On Windows, add inbound rules for TCP 30120 and UDP 30120 through Windows Defender Firewall. On a Linux box, allow the port through whatever firewall you run, for example with ufw:
sudo ufw allow 30120/tcp
sudo ufw allow 30120/udp
If you host with a provider, also check their network-level firewall or security group, since cloud hosts often block inbound traffic by default until you open it explicitly.
Router port forwarding for home hosting
If you host from home, log into your router and create a port forward that sends external 30120 to the internal LAN IP of your server machine, for both TCP and UDP. Give the server machine a static or reserved LAN IP first, otherwise DHCP can reassign it and break the forward later.
A few realities of home hosting worth knowing up front. Many ISPs use CGNAT, which means you do not have a true public IP and port forwarding cannot work no matter what you configure. If your external IP in the router does not match the IP shown by a what-is-my-IP check, you are likely behind CGNAT and need a different approach or a hosted server. Residential upload bandwidth also caps how many players you can realistically serve.
Putting the server.cfg pieces together
A minimal public-ready block in server.cfg looks like this:
endpoint_add_tcp "0.0.0.0:30120"
endpoint_add_udp "0.0.0.0:30120"
sv_maxclients 48
set onesync on
sv_endpointprivacy false
sv_hostname "My FiveM Server"
sv_licenseKey changeme
Replace the hostname and license key with your own.
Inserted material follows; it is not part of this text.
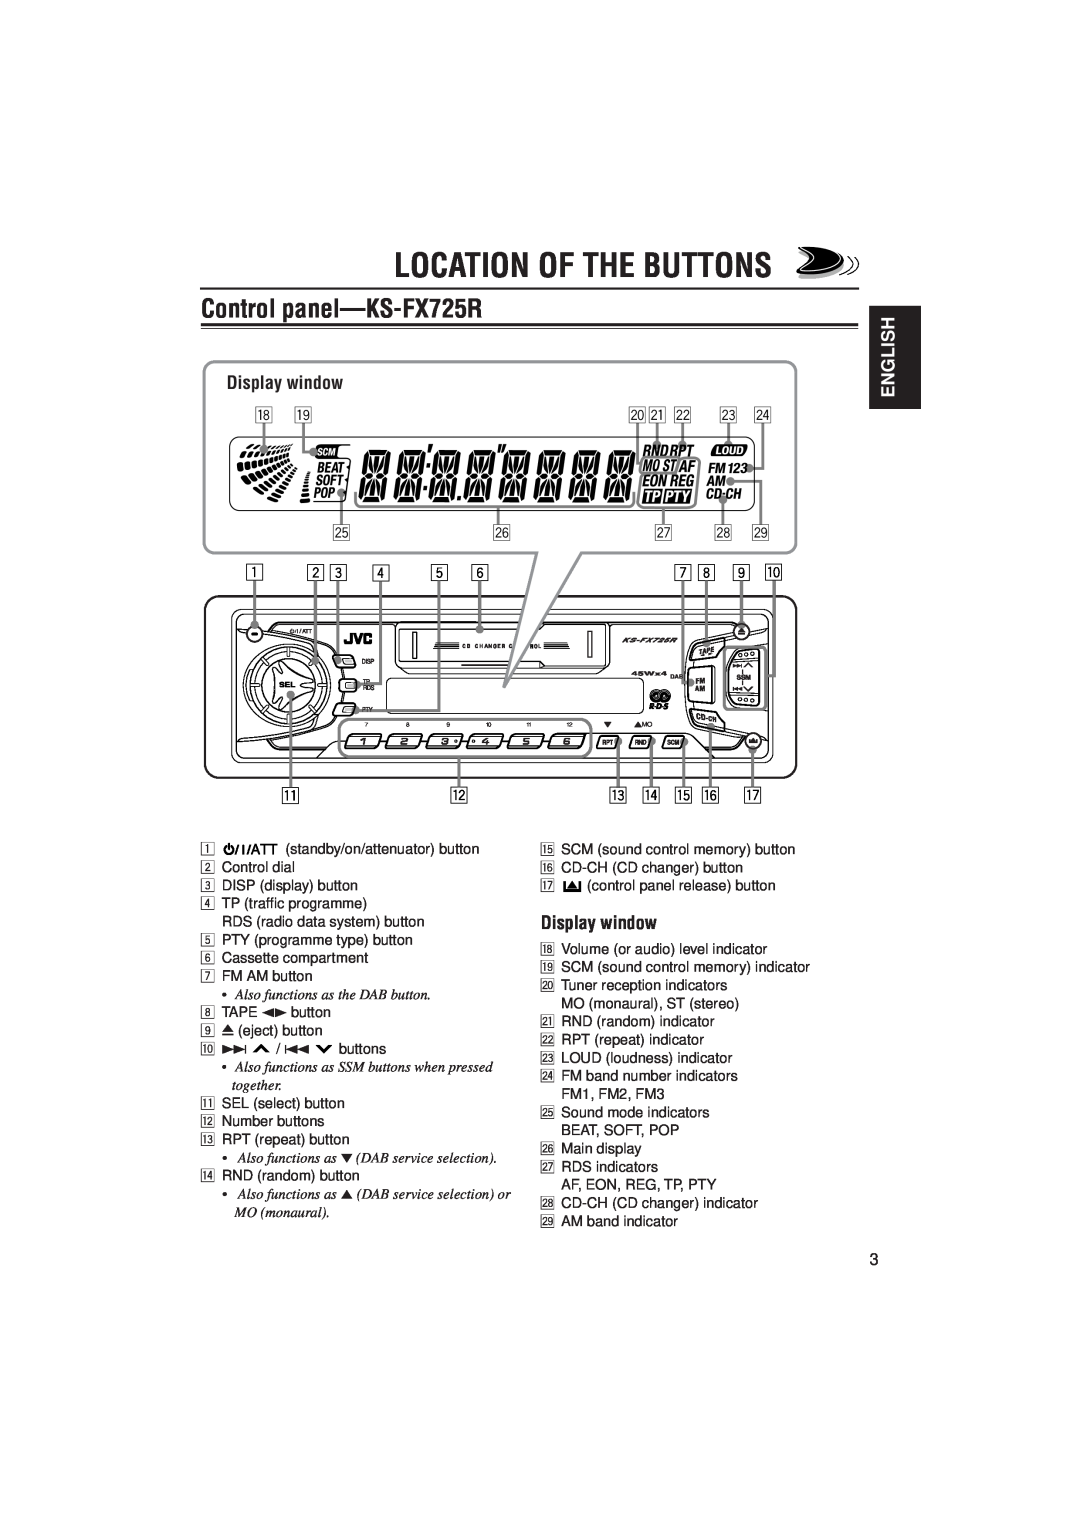 JVC KS-F525 manual Location Of The Buttons, Control panel-KS-FX725R, English

With this in place, the ports forwarded over both protocols, and the OS firewall allowing 30120, the server registers and becomes joinable through the list and via direct connect.
Verifying it works
Do not assume; verify from outside your own network. Ask someone on a different connection (or use mobile data) to direct connect to your public IP and port. If they connect, try the server list. If both work, you are public. If only direct connect works, revisit the license key and sv_endpointprivacy. If neither works, revisit port forwarding, both protocols, and the OS and provider firewalls.